Download hw05.zip. Inside the archive, you will find a file called hw05.py, along with a copy of the ok autograder.

Submission: When you are done, submit with python3 ok --submit. You may submit more than once before the deadline; only the final submission will be scored. Check that you have successfully submitted your code on okpy.org. See Lab 0 for more instructions on submitting assignments.

Using Ok: If you have any questions about using Ok, please refer to this guide.

Readings: You might find the following references useful:

Grading: Homework is graded based on correctness. Each incorrect problem will decrease the total score by one point. There is a homework recovery policy as stated in the syllabus. This homework is out of 2 points.

Required Questions

OOP

Q1: Vending Machine

Create a class called VendingMachine that represents a vending machine for some product. A VendingMachine object returns strings describing its interactions.

Fill in the VendingMachine class, adding attributes and methods as appropriate, such that its behavior matches the following doctests:

class VendingMachine:
    """A vending machine that vends some product for some price.

    >>> v = VendingMachine('candy', 10)
    >>> v.vend()
    'Inventory empty. Restocking required.'
    >>> v.add_funds(15)
    'Inventory empty. Restocking required.
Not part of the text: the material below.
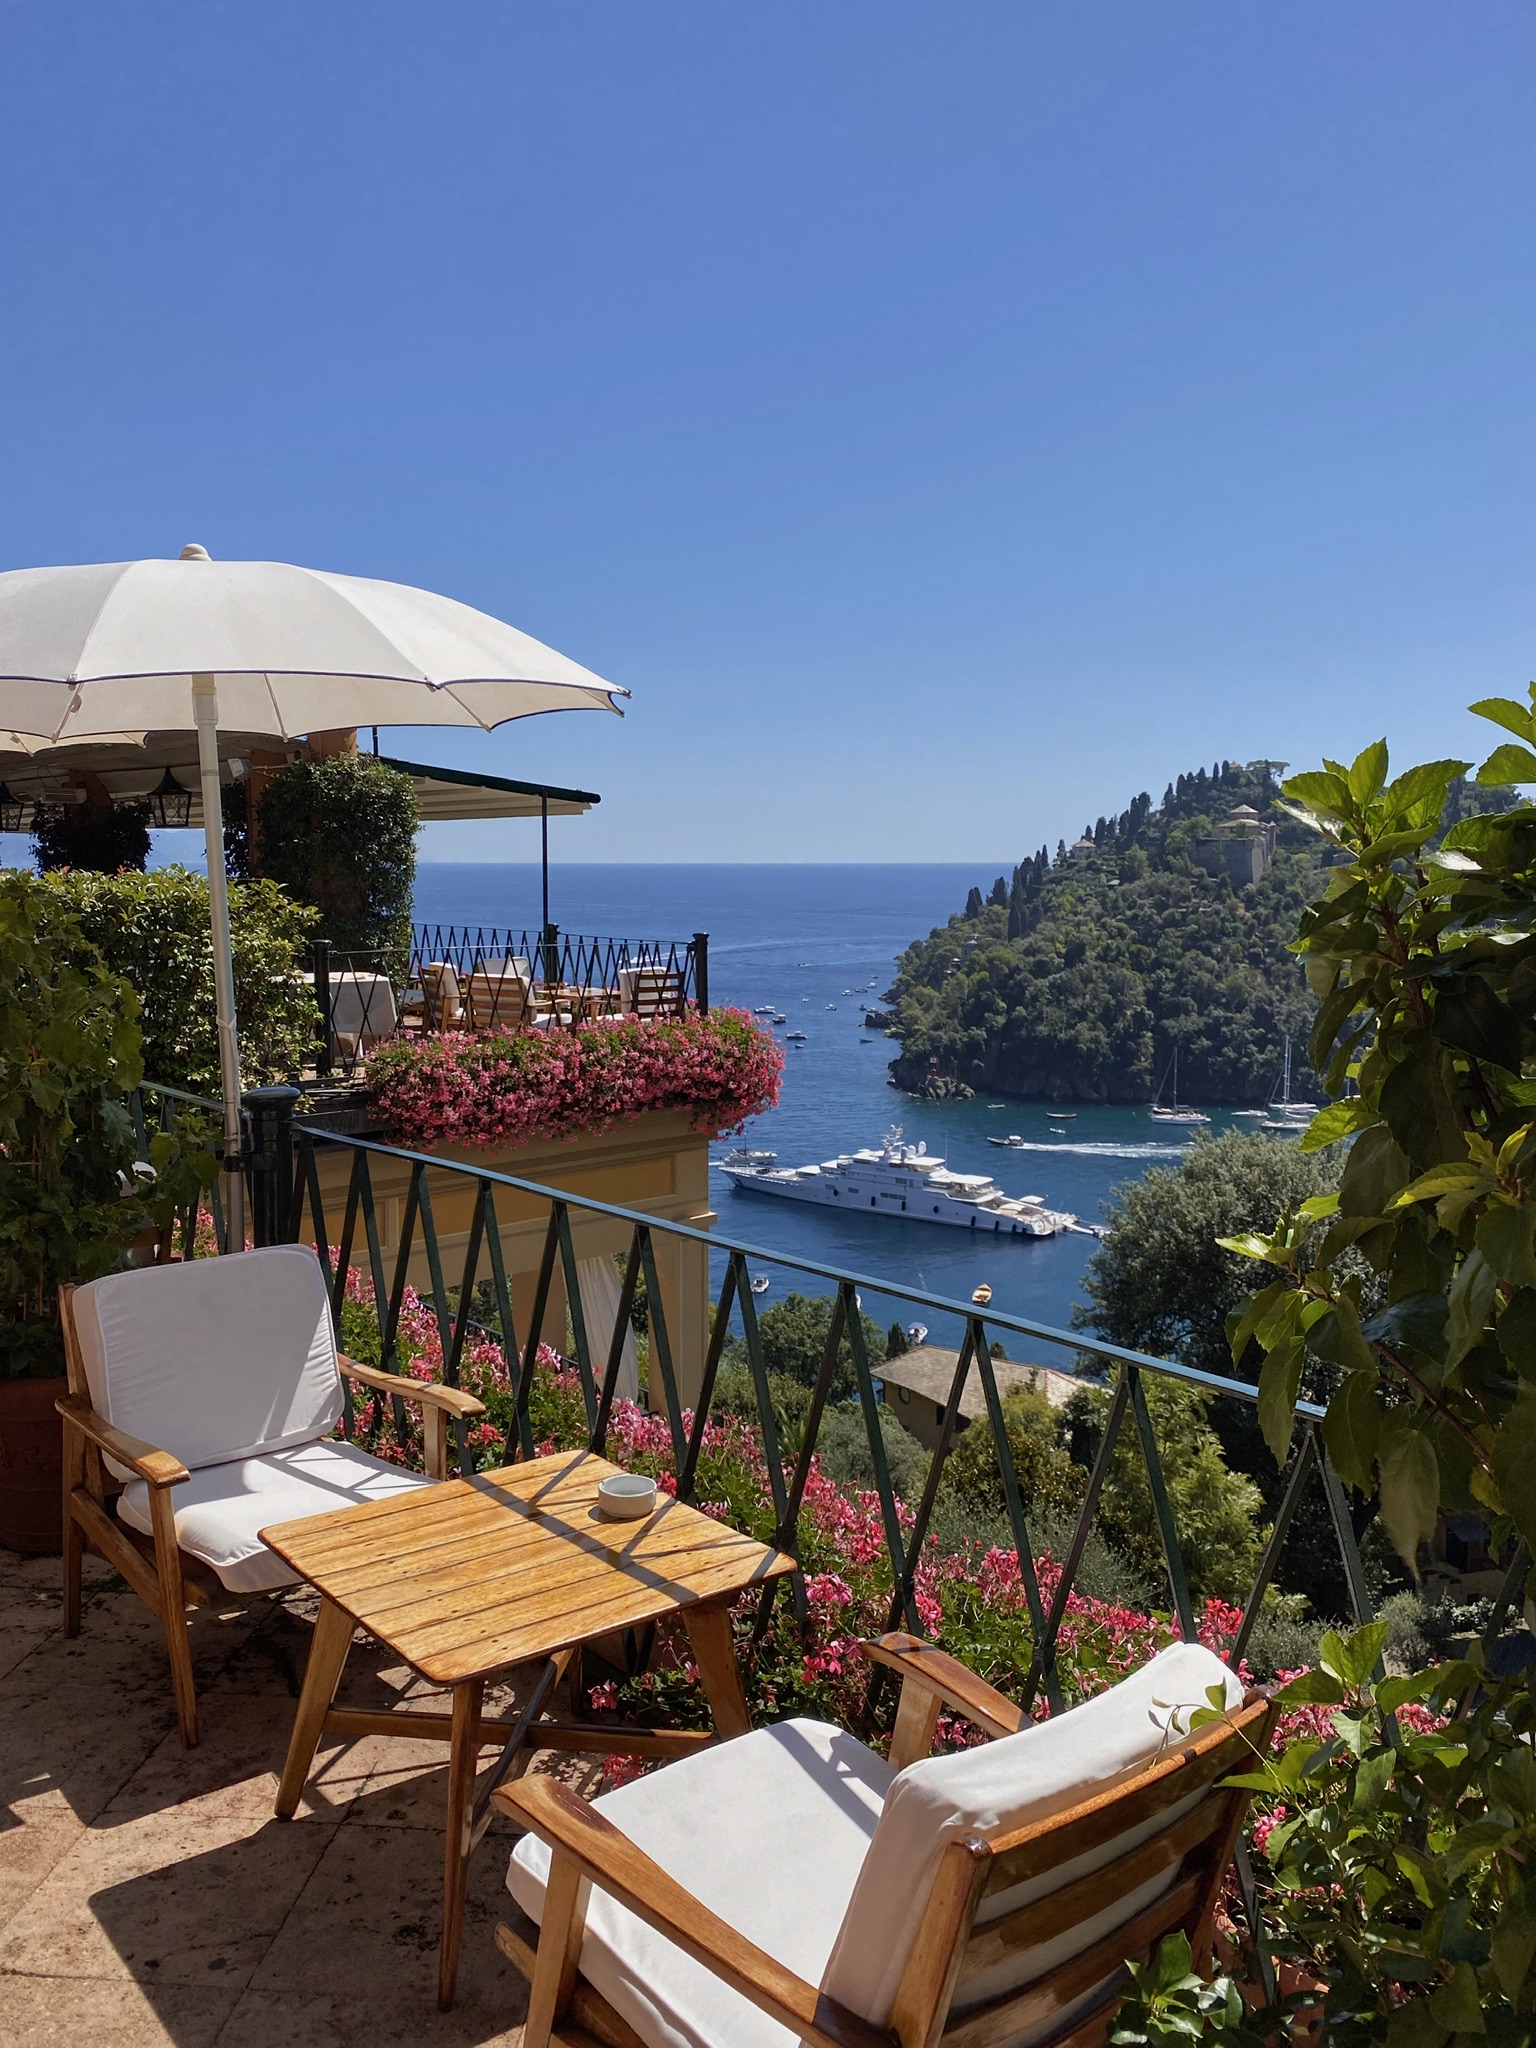 The view from Belmond Splendido, Portofino // Photo Credit Giacomo Sonzini

Here is your $15.'
    >>> v.restock(2)
    'Current candy stock: 2'
    >>> v.vend()
    'You must add $10 more funds.'
    >>> v.add_funds(7)
    'Current balance: $7'
    >>> v.vend()
    'You must add $3 more funds.'
    >>> v.add_funds(5)
    'Current balance: $12'
    >>> v.vend()
    'Here is your candy and $2 change.'
    >>> v.add_funds(10)
    'Current balance: $10'
    >>> v.vend()
    'Here is your candy.'
    >>> v.add_funds(15)
    'Inventory empty. Restocking required. Here is your $15.'

    >>> w = VendingMachine('soda', 2)
    >>> w.restock(3)
    'Current soda stock: 3'
    >>> w.restock(3)
    'Current soda stock: 6'
    >>> w.add_funds(2)
    'Current balance: $2'
    >>> w.vend()
    'Here is your soda.'
    """
    "*** YOUR CODE HERE ***"

You may find Python string formatting syntax useful. A quick example:

>>> ten, twenty, thirty = 10, 'twenty', [30]
>>> '{0} plus {1} is {2}'.format(ten, twenty, thirty)
'10 plus twenty is [30]'

Use Ok to test your code:

python3 ok -q VendingMachine

Q2: Mint

Complete the Mint and Coin classes so that the coins created by a mint have the correct year and worth.
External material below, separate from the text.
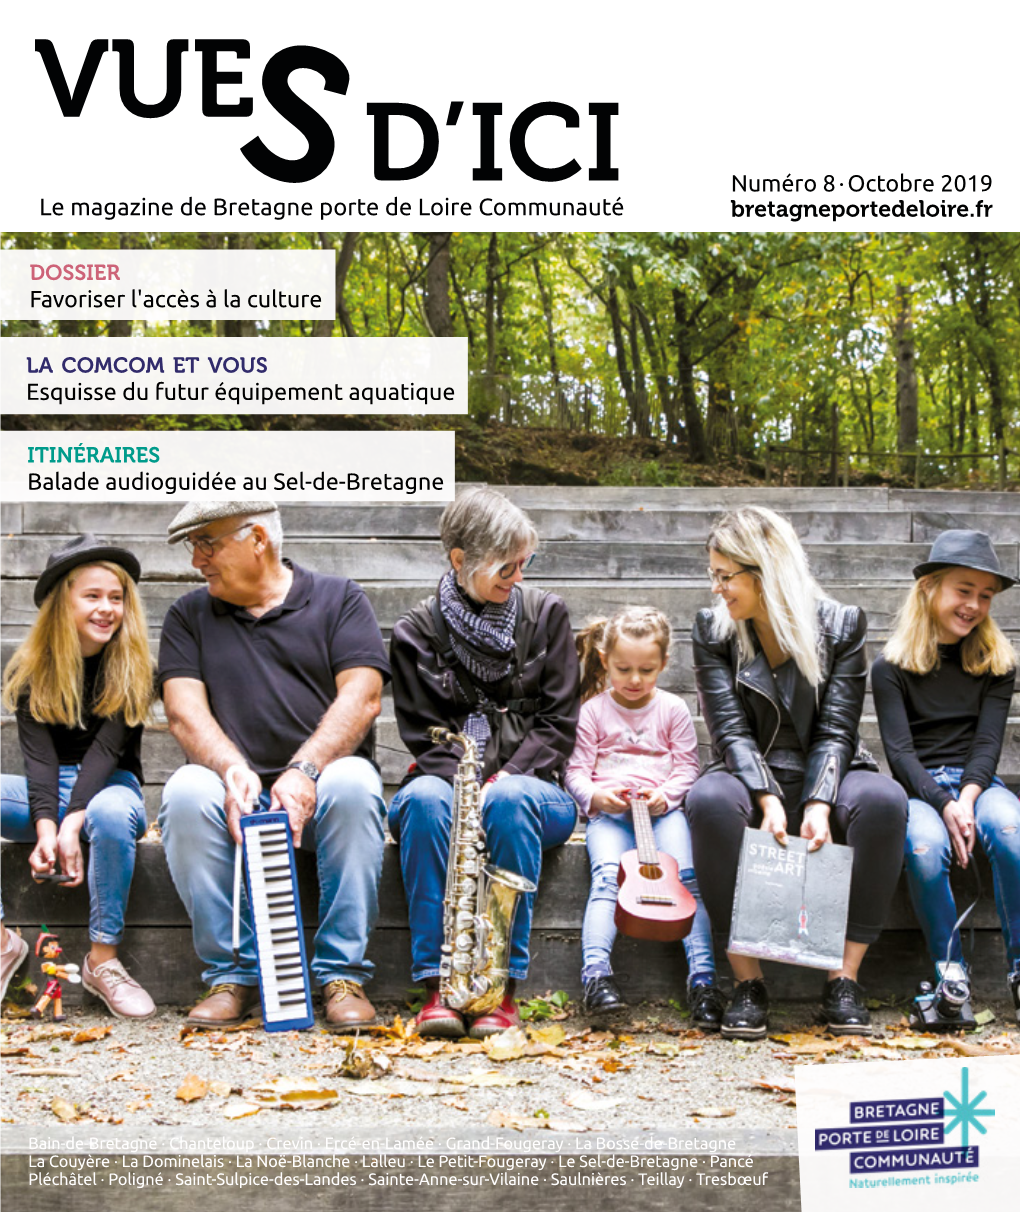 Le Magazine De Bretagne Porte De Loire Communauté Favoriser L

  • Each Mint instance has a year stamp. The update method sets the year stamp to the current_year class attribute of the Mint class.
  • The create method takes a subclass of Coin and returns an instance of that class stamped with the mint's year (which may be different from Mint.current_year if it has not been updated.)
  • A Coin's worth method returns the cents value of the coin plus one extra cent for each year of age beyond 50. A coin's age can be determined by subtracting the coin's year from the current_year class attribute of the Mint class.
class Mint:
    """A mint creates coins by stamping on years.
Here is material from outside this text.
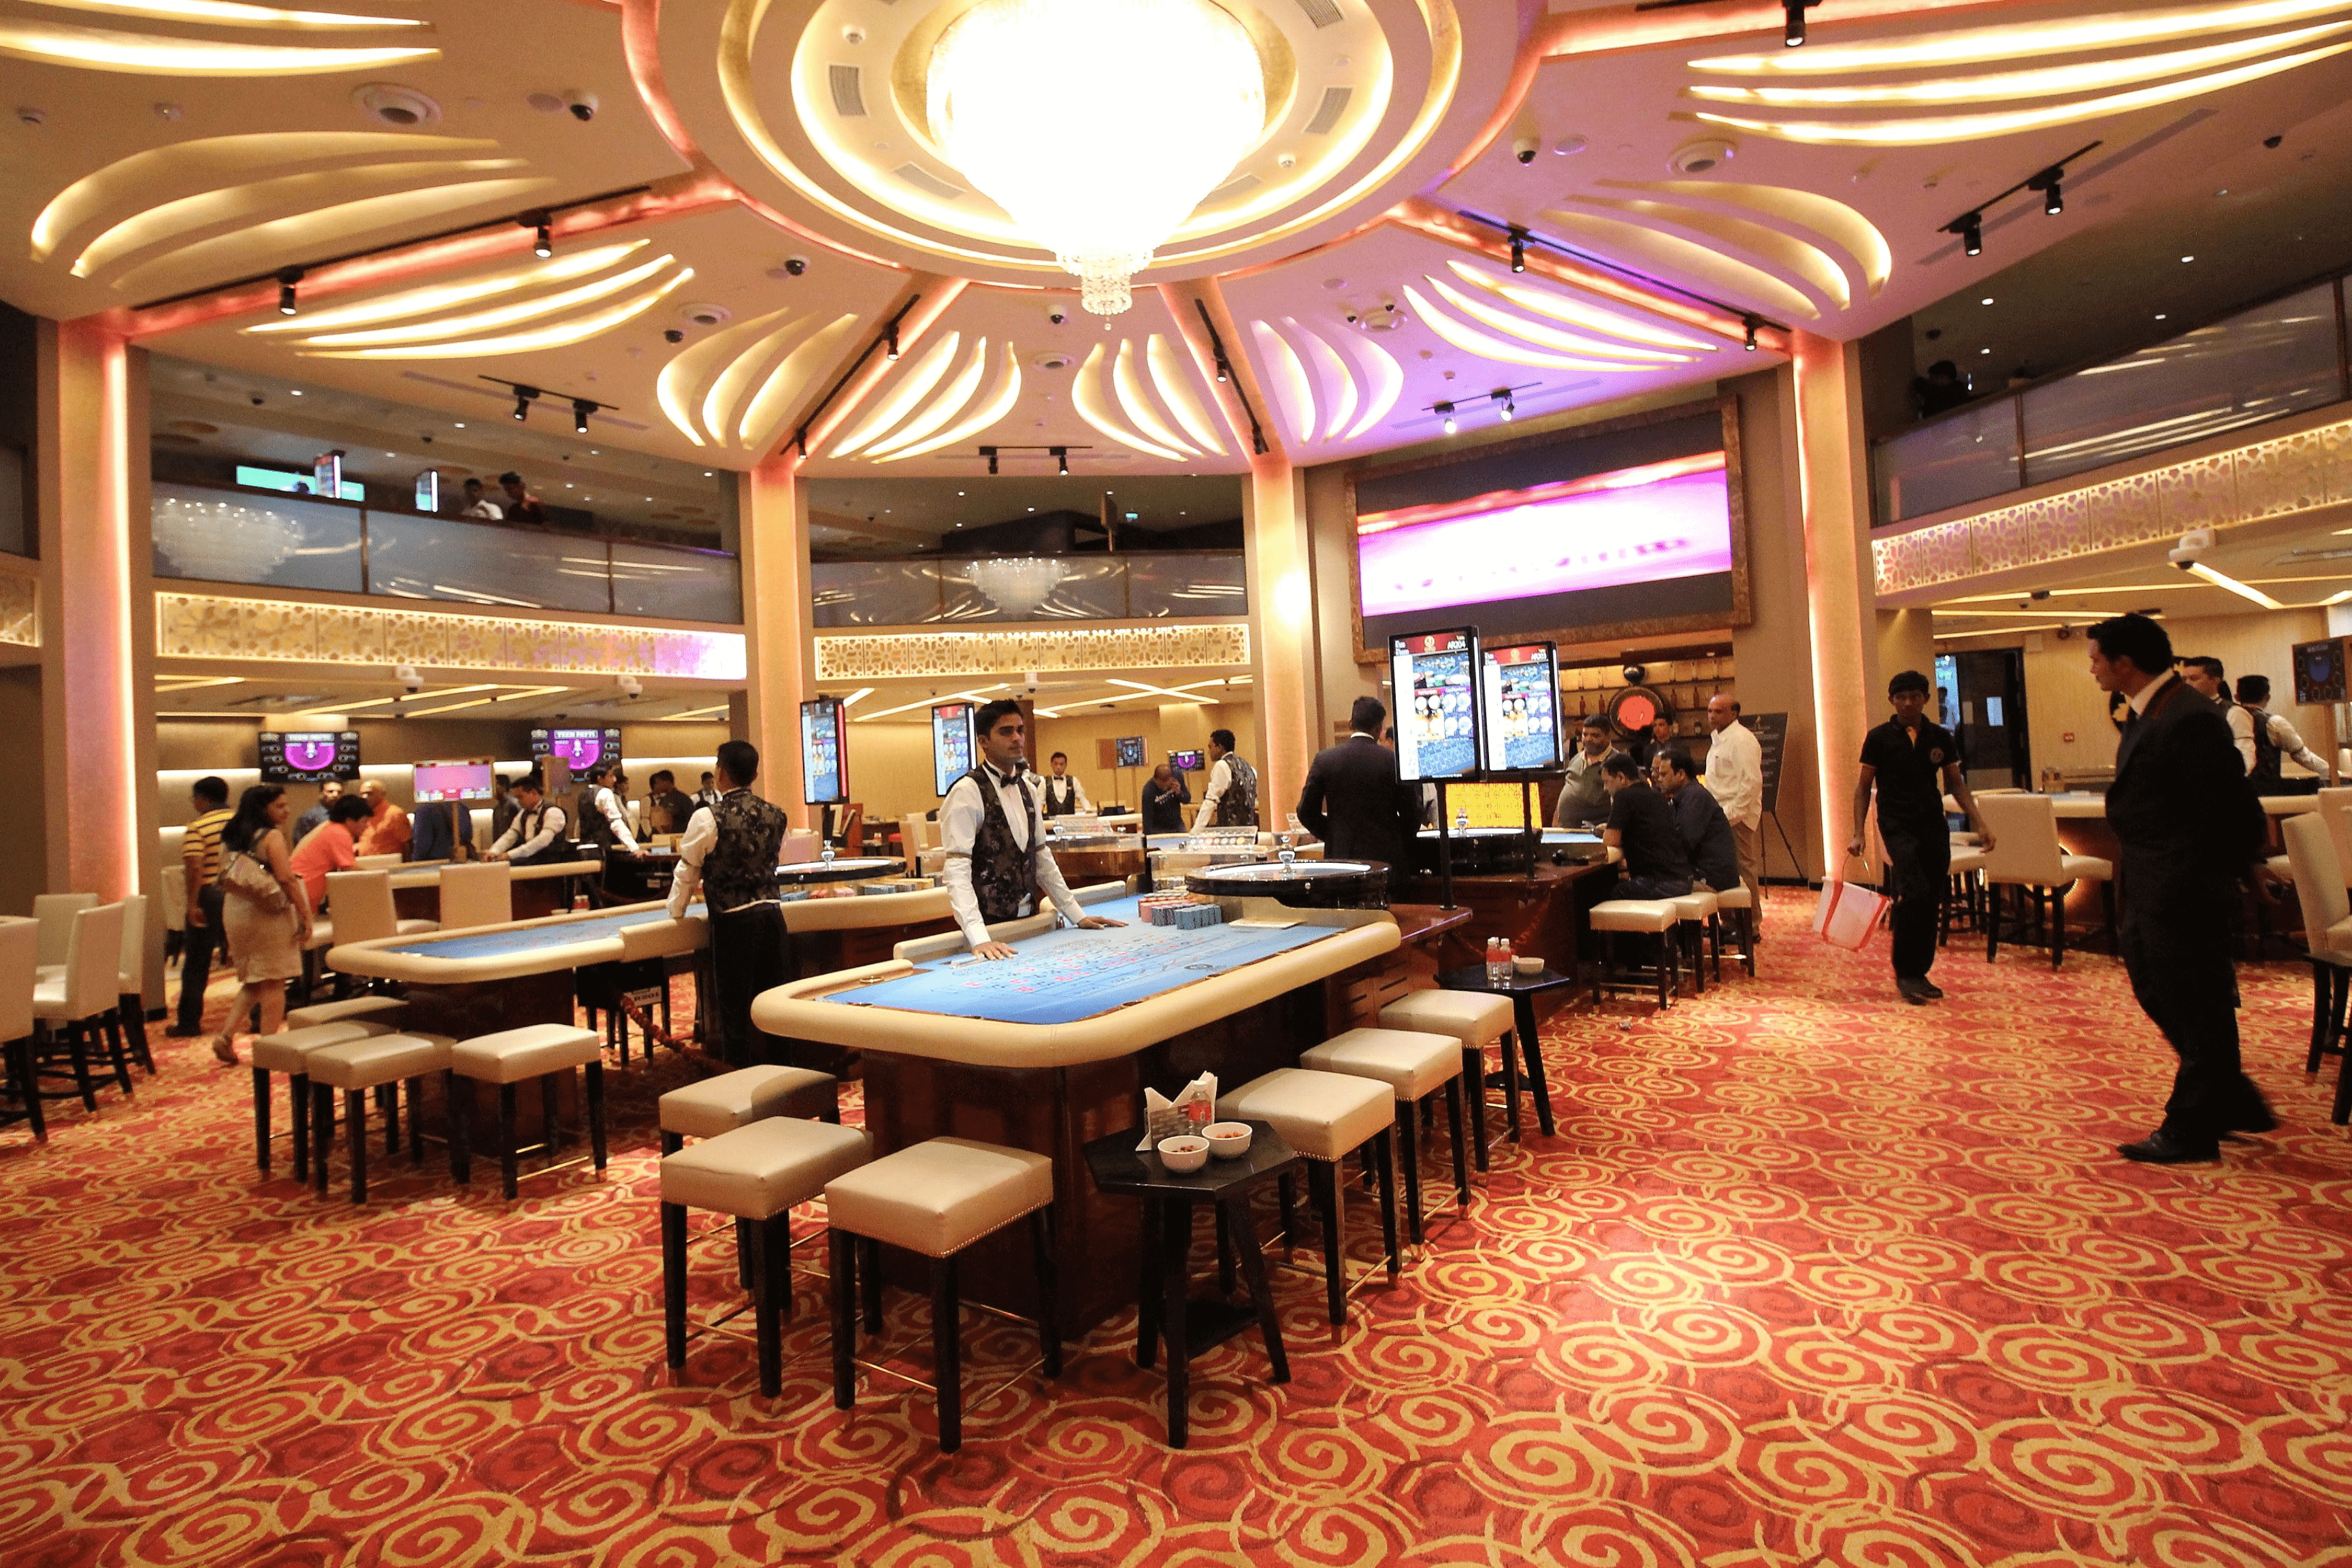 best live casino india

    The update method sets the mint's stamp to Mint.current_year.

    >>> mint = Mint()
    >>> mint.year
    2020
    >>> dime = mint.create(Dime)
    >>> dime.year
    2020
    >>> Mint.current_year = 2100  # Time passes
    >>> nickel = mint.create(Nickel)
    >>> nickel.year     # The mint has not updated its stamp yet
    2020
    >>> nickel.worth()  # 5 cents + (80 - 50 years)
    35
    >>> mint.update()   # The mint's year is updated to 2100
    >>> Mint.current_year = 2175     # More time passes
    >>> mint.create(Dime).worth()    # 10 cents + (75 - 50 years)
    35
    >>> Mint().create(Dime).worth()  # A new mint has the current year
    10
    >>> dime.worth()     # 10 cents + (155 - 50 years)
    115
    >>> Dime.cents = 20  # Upgrade all dimes!
    >>> dime.worth()     # 20 cents + (155 - 50 years)
    125
    """
    current_year = 2020

    def __init__(self):
        self.update()

    def create(self, kind):
        "*** YOUR CODE HERE ***"

    def update(self):
        "*** YOUR CODE HERE ***"

class Coin:
    def __init__(self, year):
        self.year = year

    def worth(self):
        "*** YOUR CODE HERE ***"

class Nickel(Coin):
    cents = 5

class Dime(Coin):
    cents = 10

Use Ok to test your code:

python3 ok -q Mint

Linked Lists

Q3: Store Digits

Write a function store_digits that takes in an integer n and returns a linked list where each element of the list is a digit of n.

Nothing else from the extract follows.